Tomorrow morning, thousands of adventurous (or phenomenally stupid) young men from around the world will run with the bulls in the streets of Pamplona.

I was one of those adventurous (let’s be honest — phenomenally stupid) young men once (see “¡Viva San Fermin!“). Though it was over a decade ago, I remember it like it was yesterday.

Lest I get teary-eyed, I’ll cut the nostalgia short. Today, we’re going to focus on a very different “running of the bulls.” Among individual investors, it seems there is nary a bull to be found these days. According to the latest American Association of Individual Investors (“AAII”) Sentiment Survey, there are fewer bulls today than at any time since the 2008 meltdown:

The AAII survey measures the percentage of individual investors who are bullish, bearish, and neutral on the stock market for the next six months. To smooth out the noise a little, I used an 8-week moving average. And as you can see, bullishness is currently at lows you might normally associate with panic bottoms.

The weekly reading shows that just 22.6% of individual investors are bullish about the market over the next six months. To give a little long-term perspective, the long-term average bullishness reading is 38.8%.

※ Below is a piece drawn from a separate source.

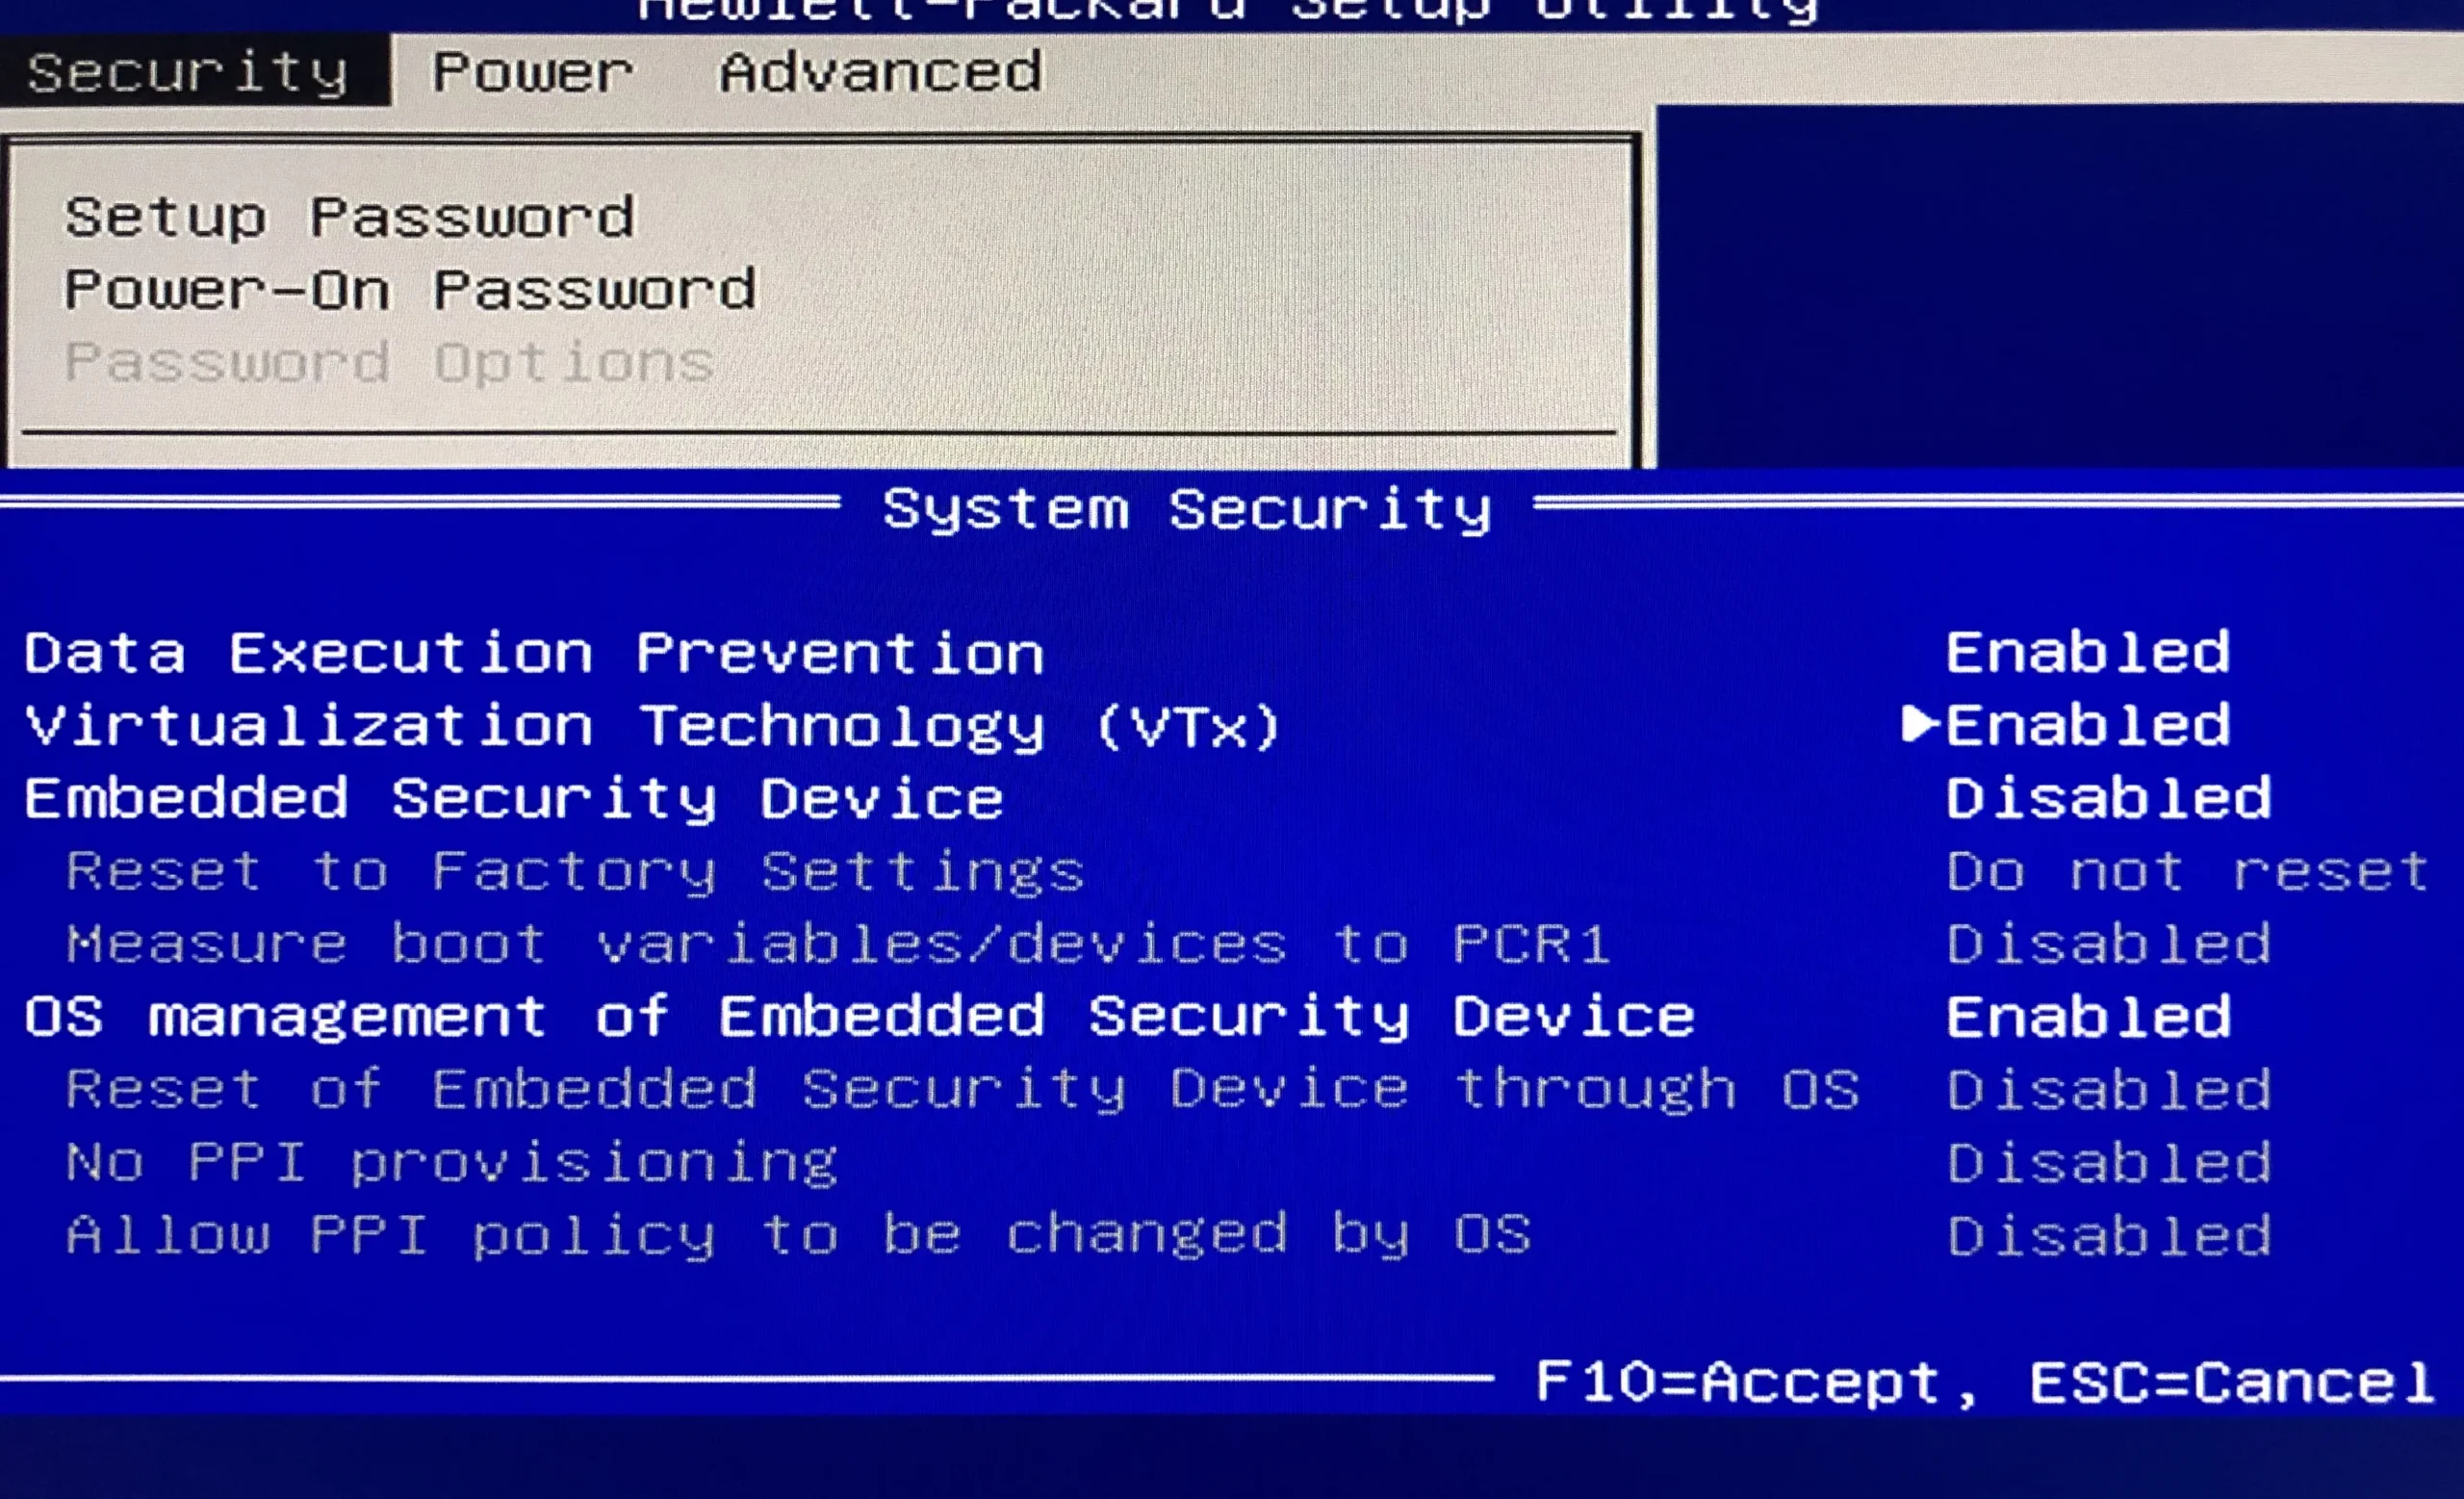 hewlett-packard hp prodesk 600 g1 sff bios - How do I get into the BIOS on a HP ProDesk 600 G1
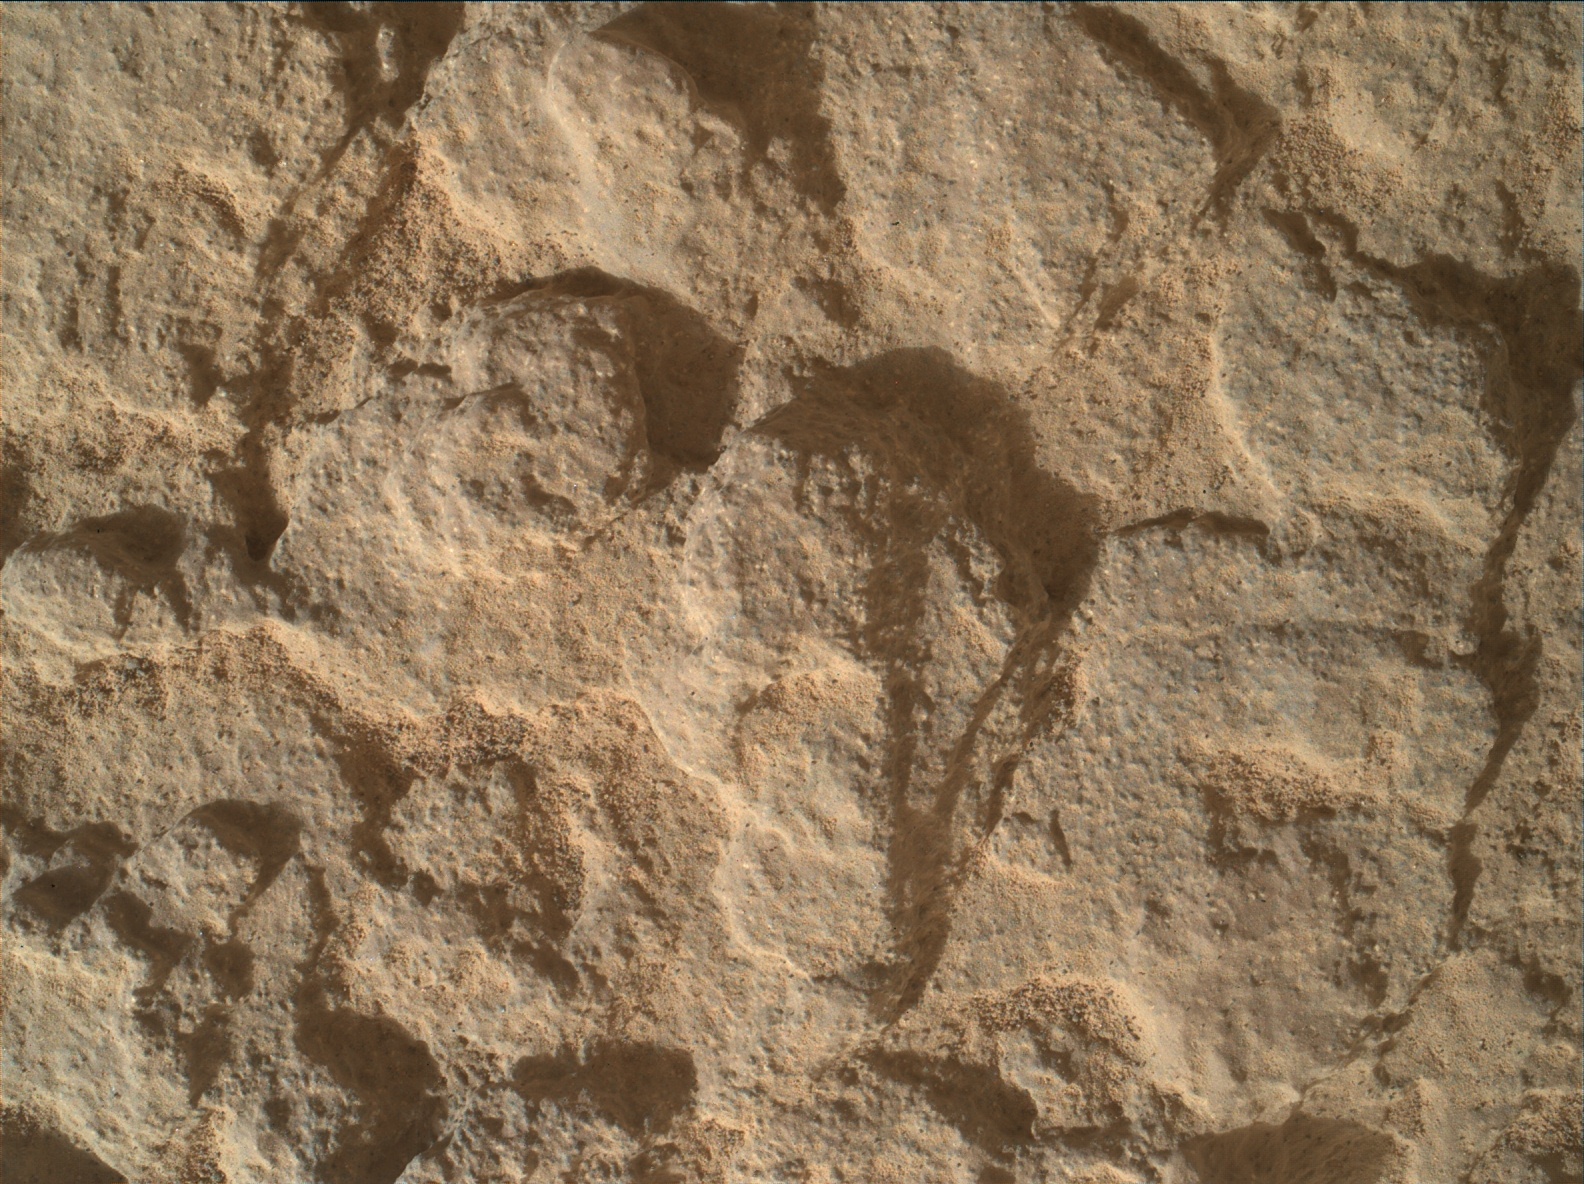 Nasa's Mars rover Curiosity acquired this image using its Mars Hand Lens Imager (MAHLI) on Sol 1711

While it has become cliche to call this “the most hated bull market in history,” at least by this metric it would seem like an accurate statement.

The AAII Sentiment Survey is viewed by many as a contrarian indicator. Like most measures that depend on investor psychology, it is noisy and doesn’t always give clear signals. But the takeaway here is that the bull market probably has a little longer to run. Yes, stocks are very expensive at these levels and probably won’t offer much in the way of returns over the next 8-10 years. But that doesn’t mean the market can’t continue to drift higher for the next several months.